Input data:
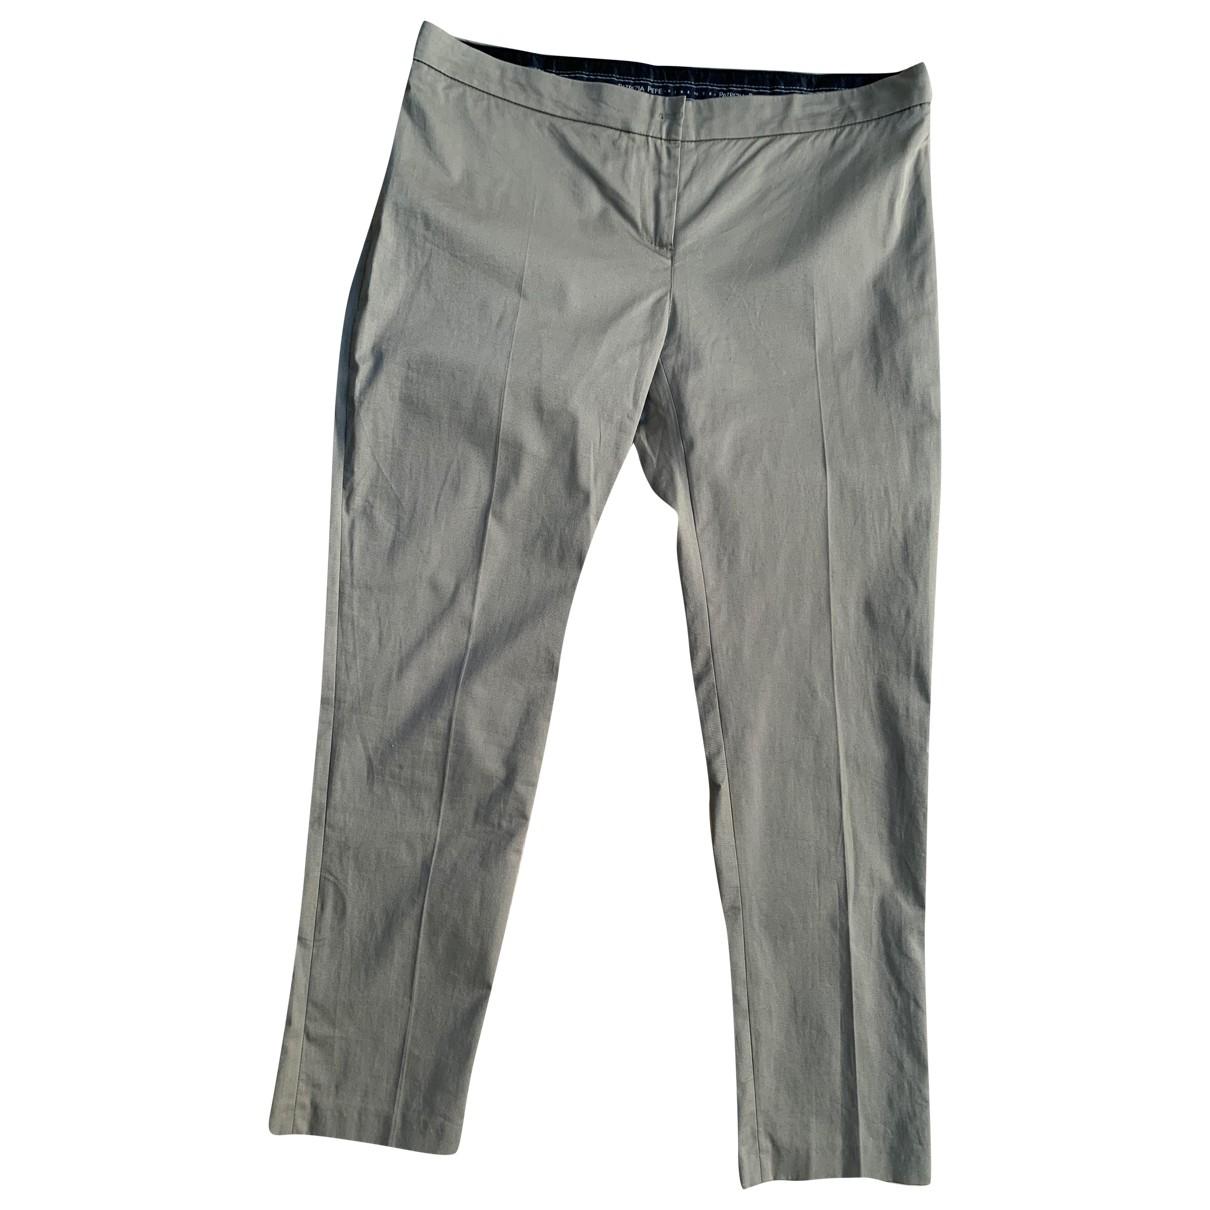 Patrizia Pepe N Green Cotton Trousers for Women L International
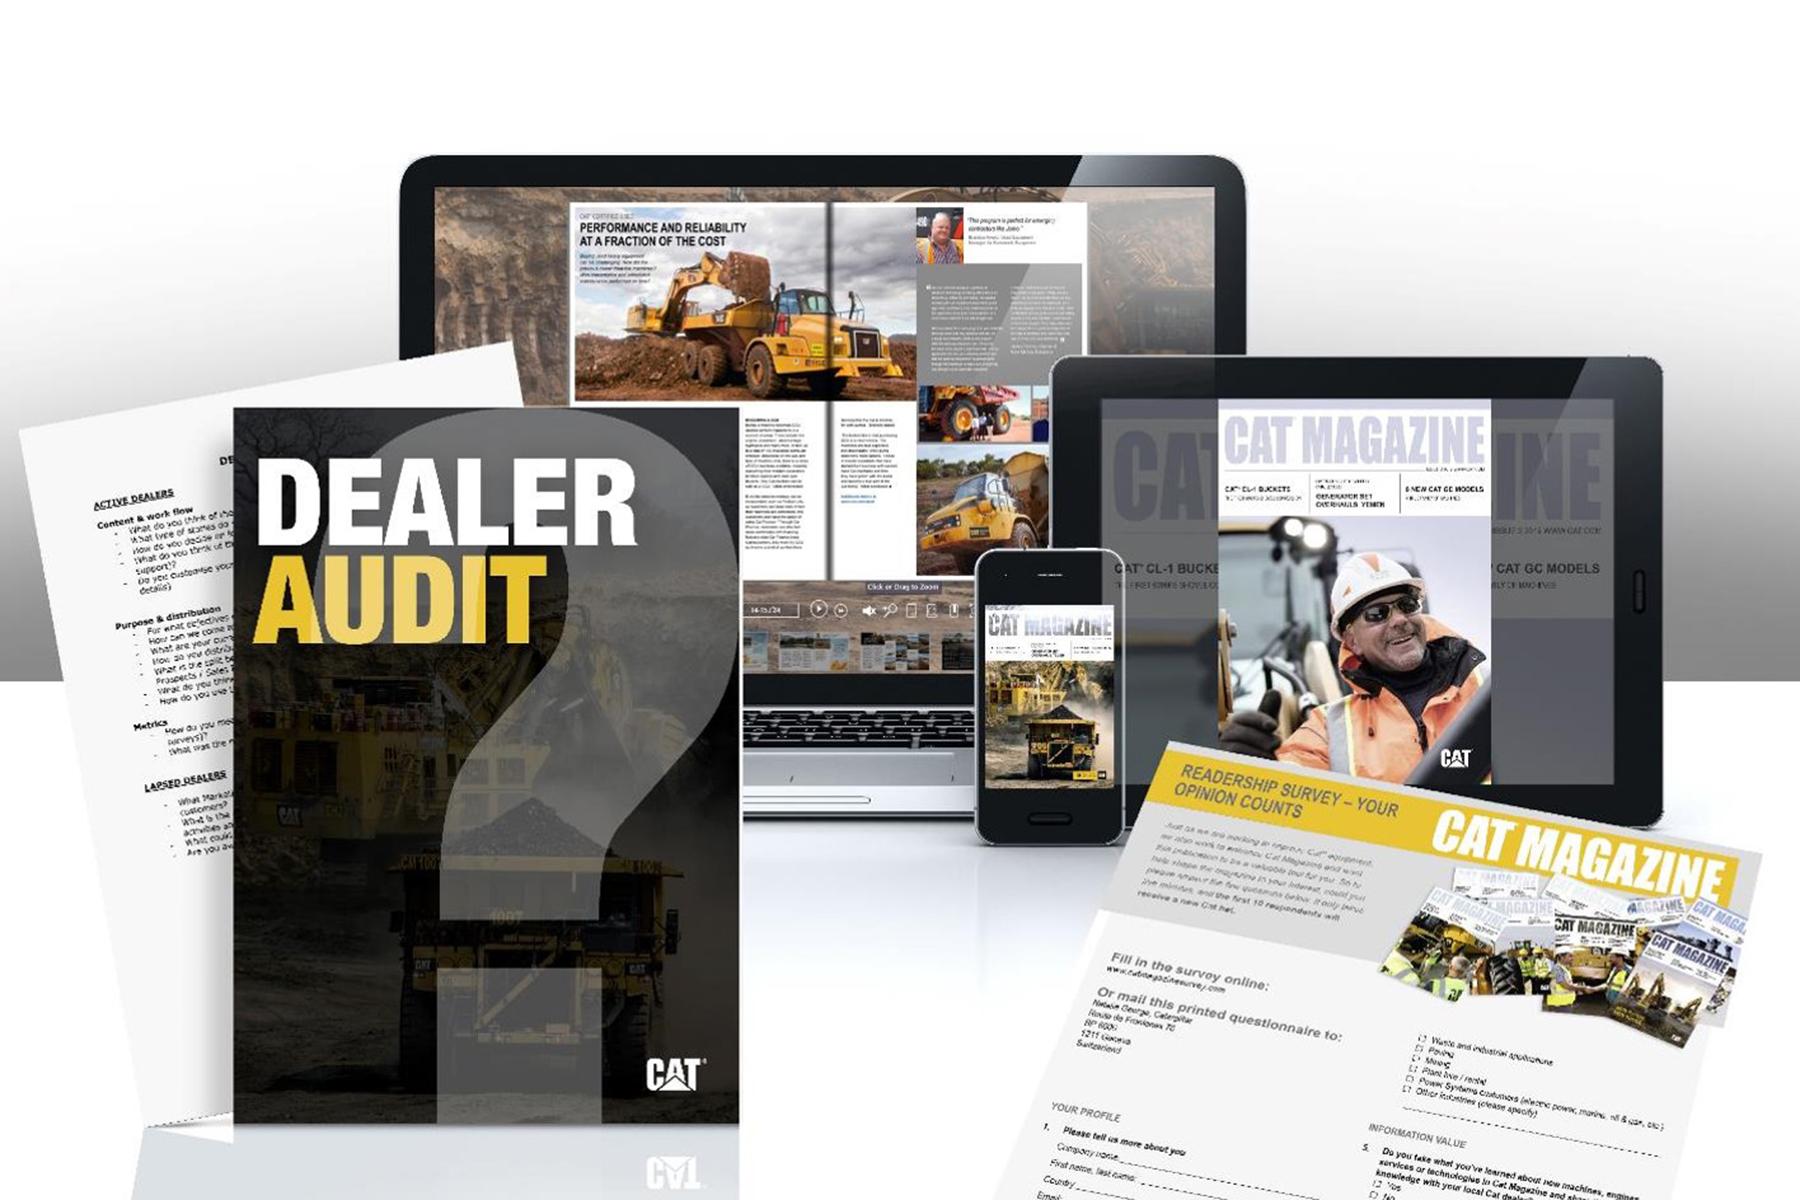 Centigrade - CAT Magazine Reader Survey and Dealer Audit
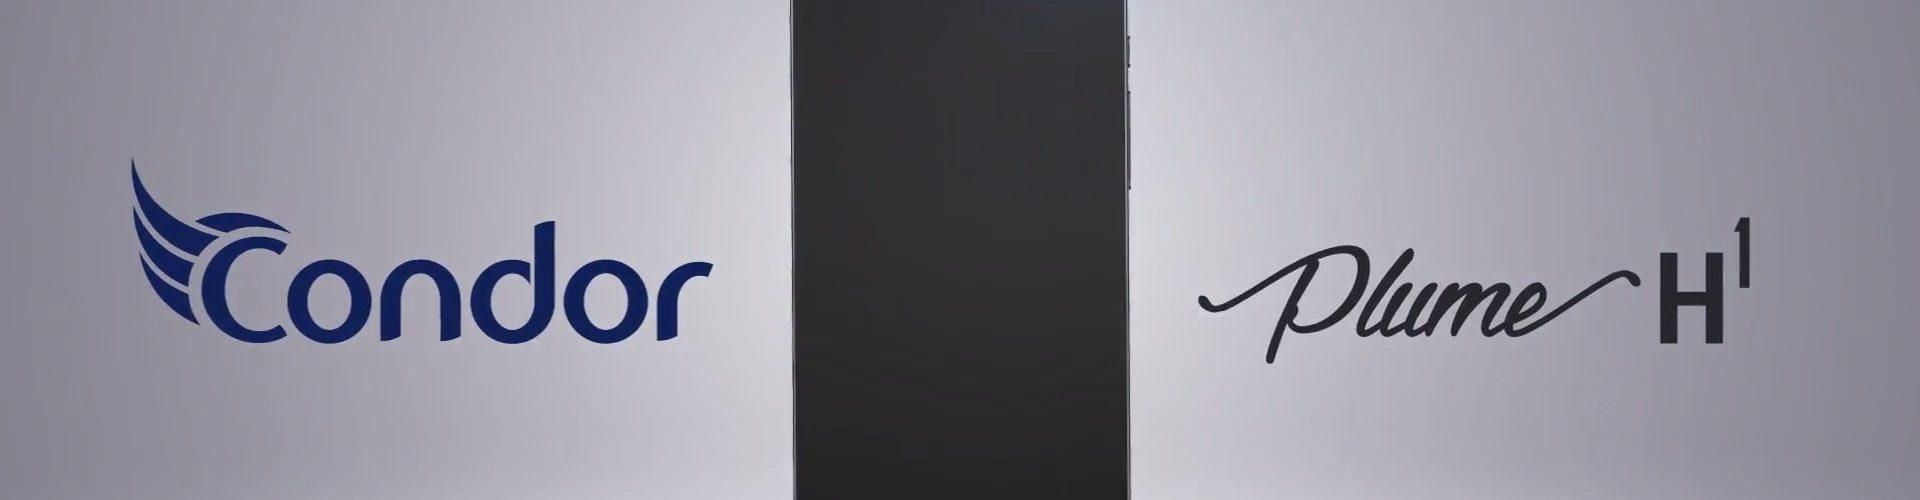 سعر ومواصفات هاتف كوندور الجديد Plume H1 - بليم أش 1

Work order: From the line that holds "Centigrade - CAT" down to the last line of the material above, every line is to be copied exactly, both ends included; pictures are to be omitted.

Final answer:
 Centigrade - CAT Magazine Reader Survey and Dealer Audit
 سعر ومواصفات هاتف كوندور الجديد Plume H1 - بليم أش 1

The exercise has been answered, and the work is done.